Box and whisker Plot

Your turn

Prices of Chocolate in Rupees (LKR):

50, 75, 100, 125, 150, 175, 200, 225, 250, 275

Prices of Chocolate in USD:

5, 7, 9, 12, 15, 18, 20, 23, 26, 0

Which group of chocolate prices exhibits the highest variation?

Coefficient of variation

  • Relative measure of variation

  • It always expressed as a percentage rather than in terms of the units of the particular data.

  • This is useful when comparing two or more sets of data that are measured in the different units.

\[CV = \frac{s}{\bar{x}}\times 100\%\]

The coefficient of variation of the height of 30 people selected at random from a given village is found to be 15%. The mean weight of the selected group is 72 kg and a standard deviation 8 kg.

The obtained results show that

  1. the weight is more variable than height.

  2. the weight is less variable than height.

  3. height and weight have the same degree of variation.

  4. height and weight values are identical.

Measures of shape

Skewness and the relationship of the mean, median and mode

In-class diagram:

Skewness describes the degree and direction of asymmetry in the data.

Formula used to calculate skewness in Excel:

\[\text{Skewness} = \frac{n}{(n-1)(n-2)}\sum_{i=1}^{n}(\frac{X_i - \bar{X}}{8})^3\]

Skewness

  • Skewness is the degree of asymmetry of a distribution.

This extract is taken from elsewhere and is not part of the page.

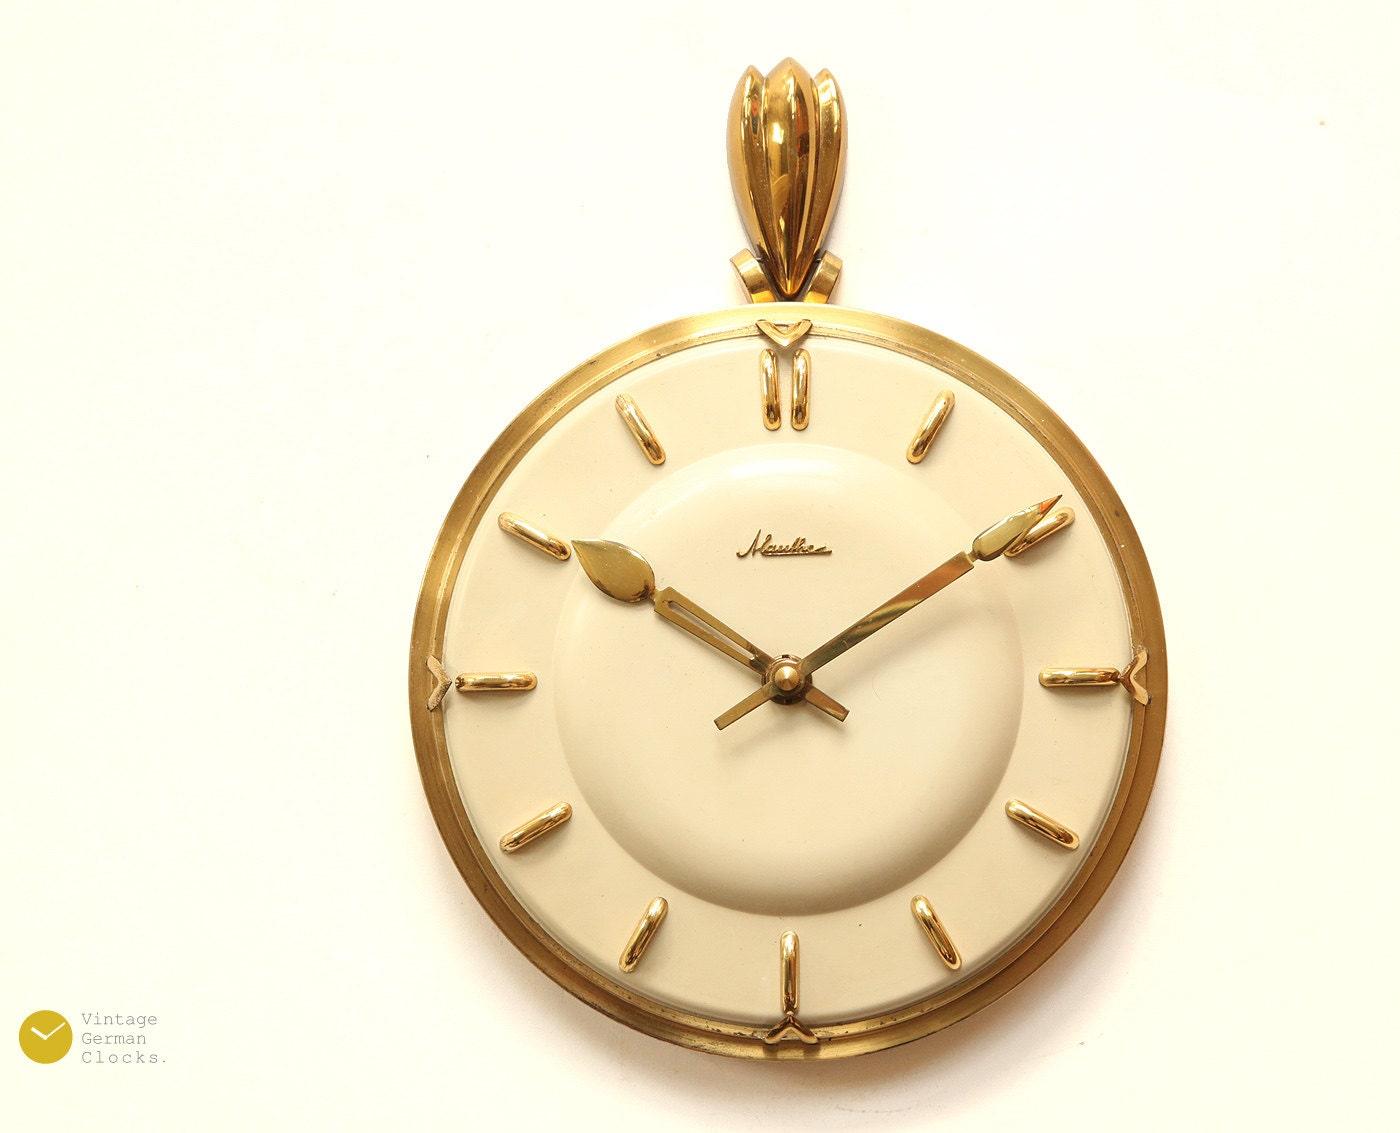 Gorgeous MAUTHE ART DECO Wall Clock 40s Kienzle Mid Century

  • If the frequency distribution has a longer “tail” to the right of the central maximum than to the left, the distribution is said to be skewed to the right (or to have a positive skewness).

  • If the reverse is true, it is said to be skewed to the left (or to have a negative skewness)

Pearson’s first coefficient of skewness

\[\text{Skewness} = \frac{\text{mean}-\text{mode}}{\text{standard deviation}}\]

or

Pearson’s second coefficient of skewness

To avoid using the mode

\[\text{Skewness} = \frac{3(\text{mean}-\text{median})}{\text{standard deviation}}\]

Conditions

  1. \(Mean = Mode = Median\), then the coefficient of skewness is zero for symmetrical distribution.

  2. \(Mean > Mode\), then the coefficient of skewness will be positive.

  3. \(Mean < Mode\), then the coefficient of skewness will be negative.

Karl person`s coefficient of skewness has a positive sign for the positively skewed and a negative sign for the negatively skewed.

Empirical relationship between mean, median and mode

Using Karl Pearson’s formula we can show

\(3 (median) = mode + 2 mean\)

  1. Symmetric

\(Mean = Median = Mode\)

  1. Positively Skewed

\(Mean > Median > Mode\)

  1. Negatively Skewed

\(Mean < Median < Mode\)

Kurtosis

  • Degree of peakness of a distribution

  • Usually taken relative to a normal distribution

Type Kurtosis Excess Kurtosis
Mesokurtic =3 =0
Leptokurtic >3 >0
Platykurtic <3 <0

Excess Kurtosis = Kurtosis - 3

Your turn

Find kurtosis and excess kurtosis formula

Interpret the following

Figure 1: Boxplot of Flipper Length by Species

species Mean Median Mode SD Q1 Q2 Q3 Kurtosis Skewness
Adelie 190.1027 190 190 6.521825 186 190 195.0 3.327738 0.0795785
Chinstrap 195.8235 196 187 7.131894 191 196 201.0 2.956063 -0.0092622
Gentoo 217.2353 216 215 6.585431 212 216 221.5 2.322009 0.3640858
  • The distributions of flipper lengths for each species appear to be roughly symmetric.

  • Gentoo penguins have longer flippers than both Adélie and Chinstrap penguins, which have similar flipper lengths.

  • There are two notable outliers in the flipper lengths for Adélie penguins, which are visible in the boxplot.